Мы пили когда-то – теперь мы посуду сдаем.
В застольном сидели кругу, упираясь локтями.
Теперь мы трезвее и реже сидим за столом,
где нет уже многих и мы уж не те между нами.
Хлопушка с крапивой цветут на забытых костях.
По вечным маршрутам повыбыли, по неминучим.
Как всех разметало!

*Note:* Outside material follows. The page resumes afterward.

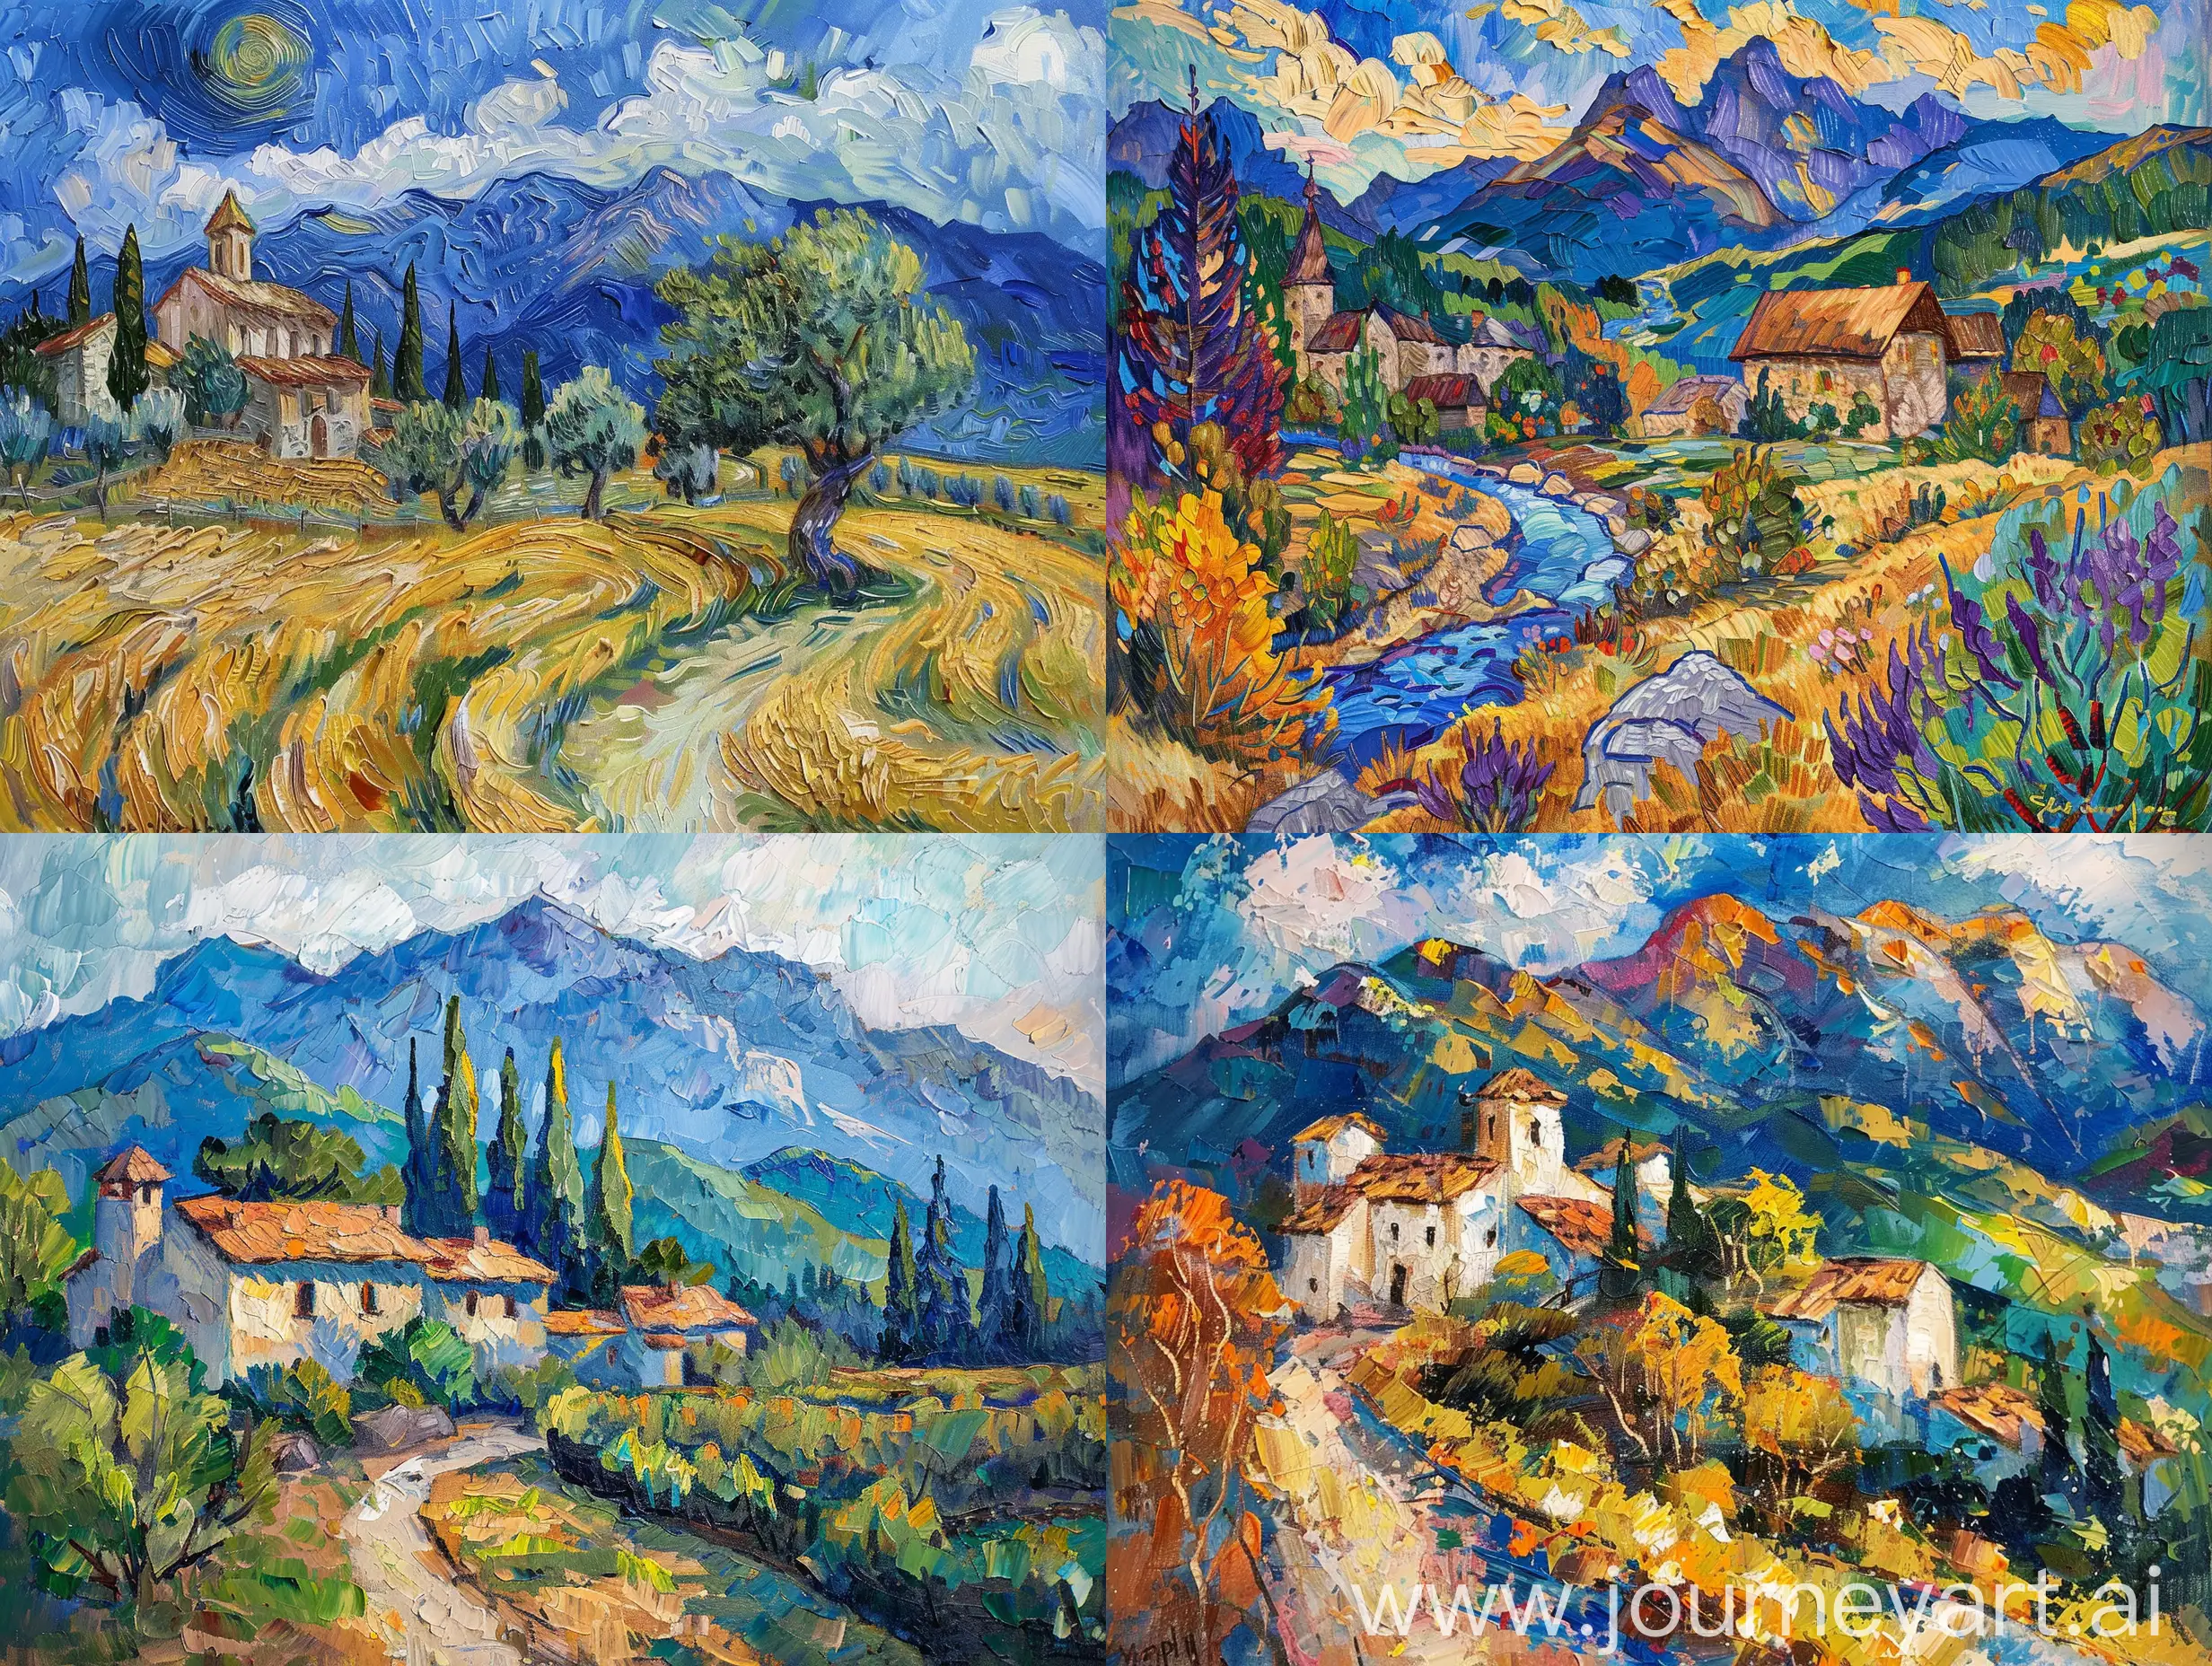 Village-Landscape-by-the-Mountains-in-Van-Gogh-Style

А мы засиделись в гостях.
Та к выйдем на воздух, морозцем подышим колючим!
У нас еще родина с нами и жгучий снежок,
которые как ни секут нас, а век не покинуть.

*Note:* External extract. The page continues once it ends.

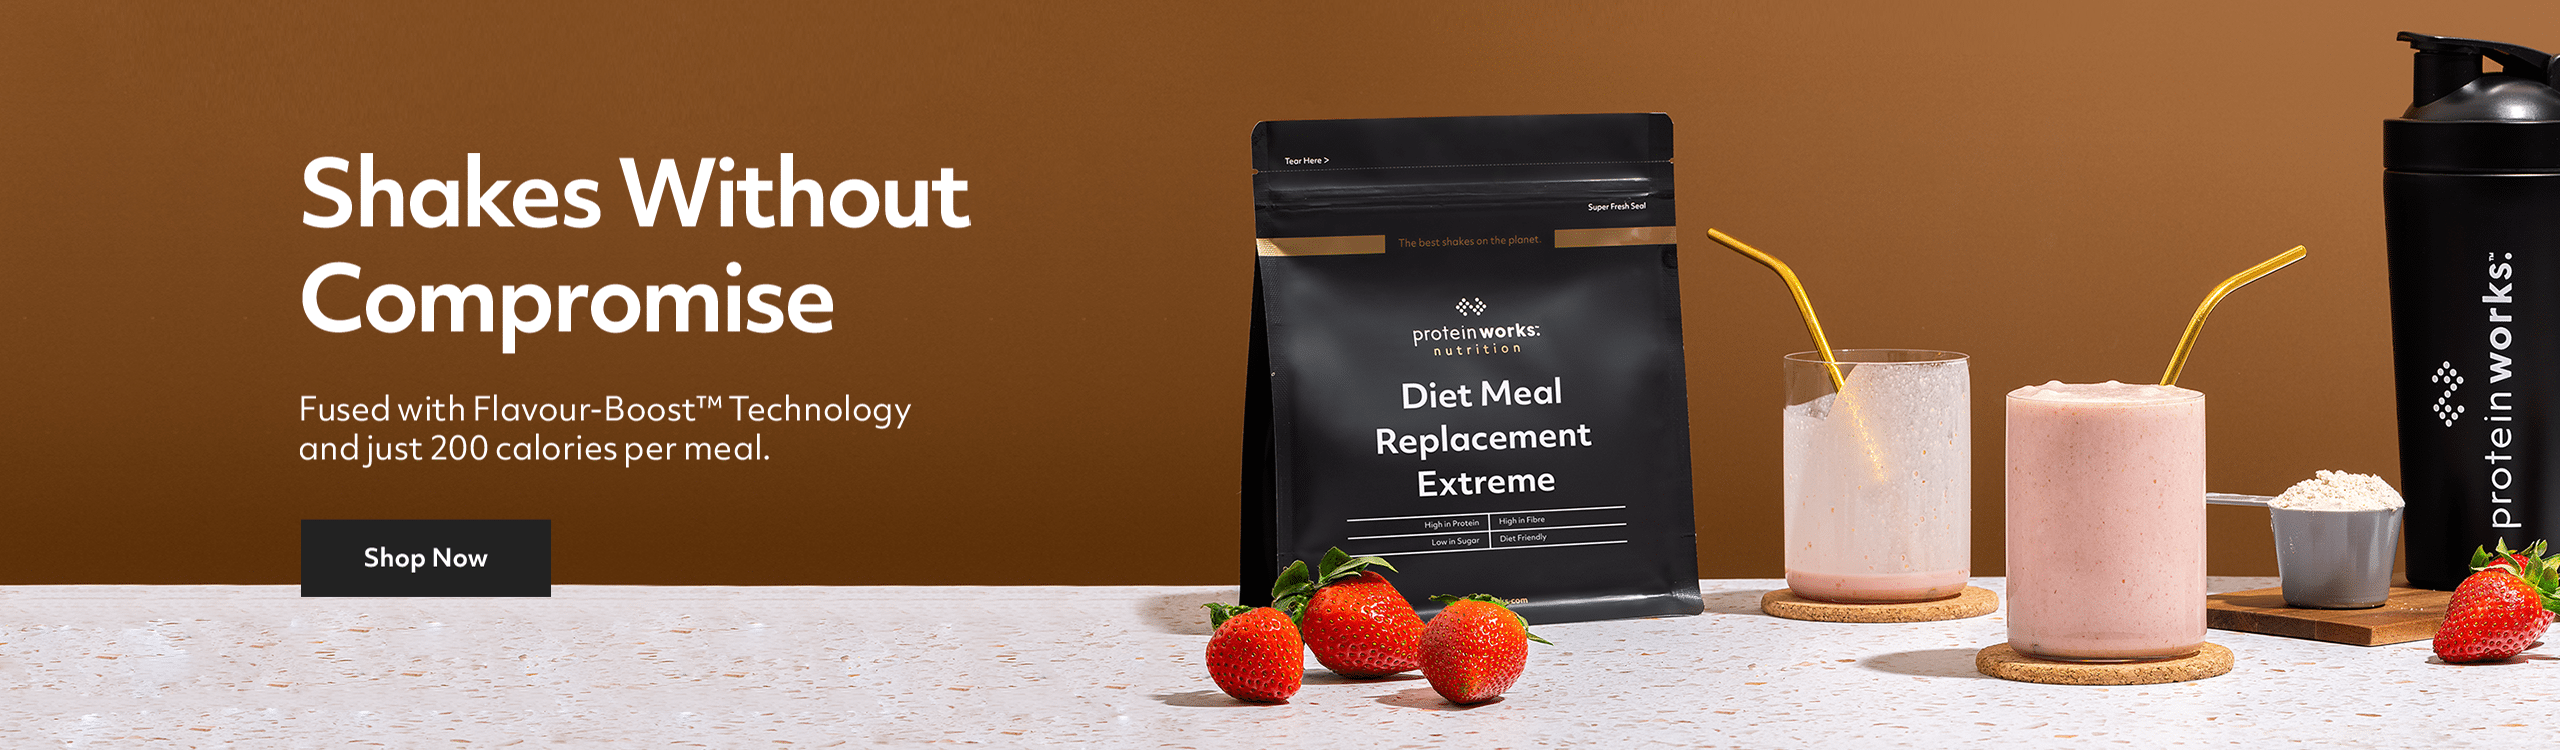 /diet-meal-replacement-extreme

И есть еще этот язык, круговой посошок,
и кроме желания жить есть и жажда погибнуть.
Пойдем по Бутырскому валу и влево свернем,
по улице главной дойдем до Тверского бульвара,
где зорко молчит, размышляя о веке своем,
невольник чугунный под сенью свободного дара.
И мы помолчим о своем... А денек серебрист,
и темные липы, морозный пройдя электролиз,
горят белизною, и чудом оставшийся лист
трепещет на ветке, окалиной радужной кроясь.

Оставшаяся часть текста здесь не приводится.